In earlier versions of this course, documentation crawling was done manually — writing custom scripts to scrape HTML, handle pagination, deal with bot protection, manage dynamic rendering, etc. This was:

  • Error-prone — different machines behaved differently
  • Fragile — site structure changes broke the scripts
  • Time-consuming — debugging crawling issues took hours

Tavily (previously Firecrawl was also considered) provides a managed crawling API that handles all of this complexity:

Feature Manual Approach Tavily
Bot protection 🔧 Handle yourself ✅ Built-in
Dynamic rendering 🔧 Headless browser setup ✅ Automatic
Rate limiting 🔧 Custom backoff logic ✅ Managed
Concurrent extraction 🔧 Threading code ✅ API-level parallelism
Table/embed extraction 🔧 Custom parsers ✅ Advanced mode
Setup time Hours Minutes

[!TIP] General principle: If crawling isn't your core business logic, offload it to a third-party that specializes in it.

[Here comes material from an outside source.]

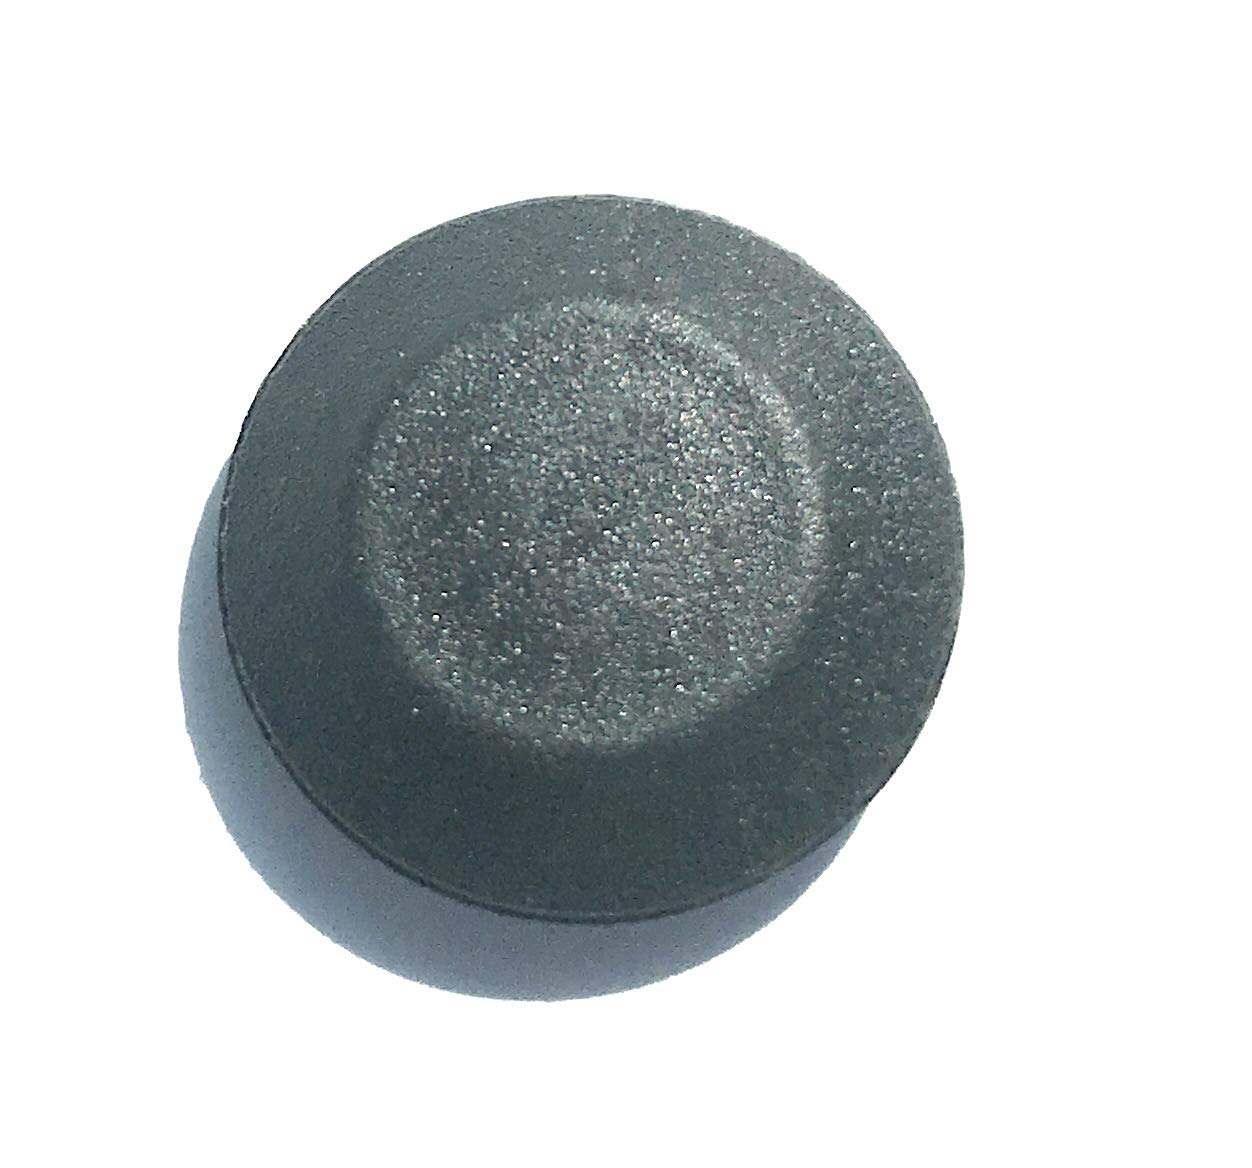 10 Flush Sheet Metal Hole Plugs 2-1//2 Black Clipsandfasteners Inc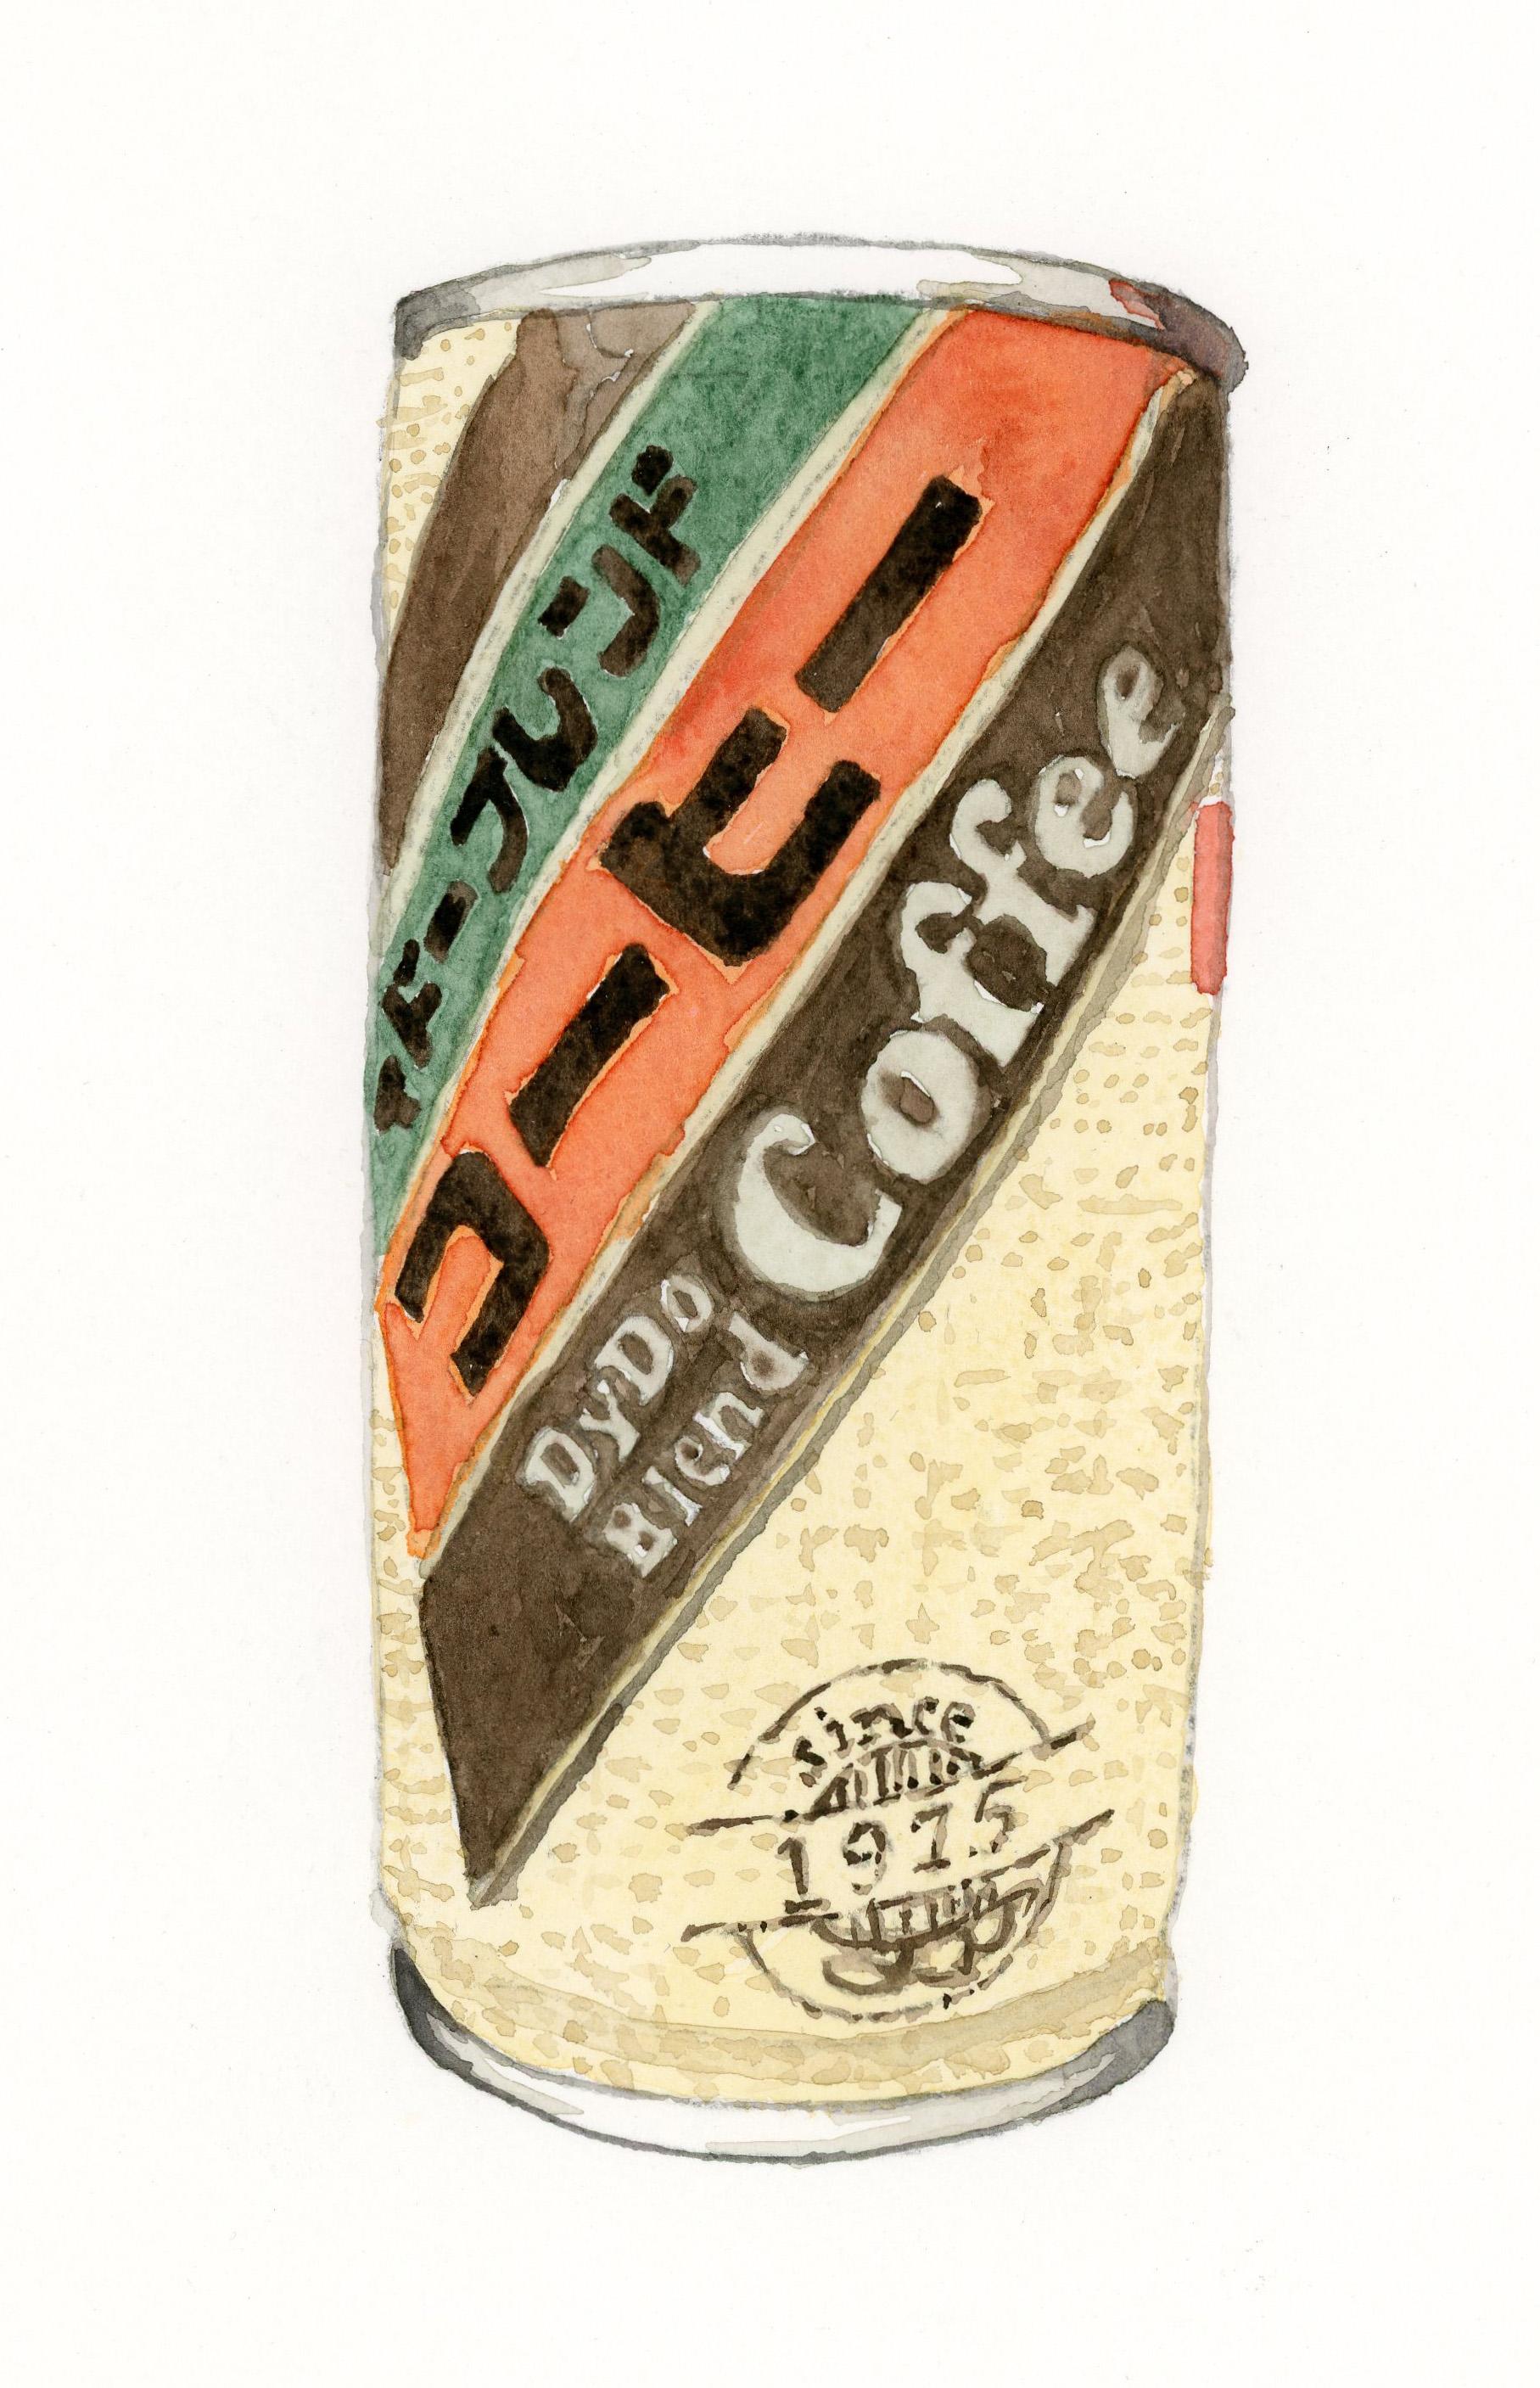 DyDo Blend Coffee

This frees you to focus on the RAG pipeline itself.

Tavily's Free Tier

Tavily offers a generous free tier that's more than sufficient for this project and course.


What's Coming Next

Lesson What We Build
05 Initialize all imports, embedding model, vector store, SSL config
06 Crawl the documentation using TavilyCrawl (one-call approach)
07–08 (Optional) Manual crawling with TavilyMap + TavilyExtract for more control
09 Recap transition to chunking
10 Chunk documents with RecursiveCharacterTextSplitter
11 Batch-index chunks into Pinecone concurrently

The heavy lifting is shared between Tavily (crawling) and LangChain (chunking, embedding, indexing). Our job is to orchestrate them correctly.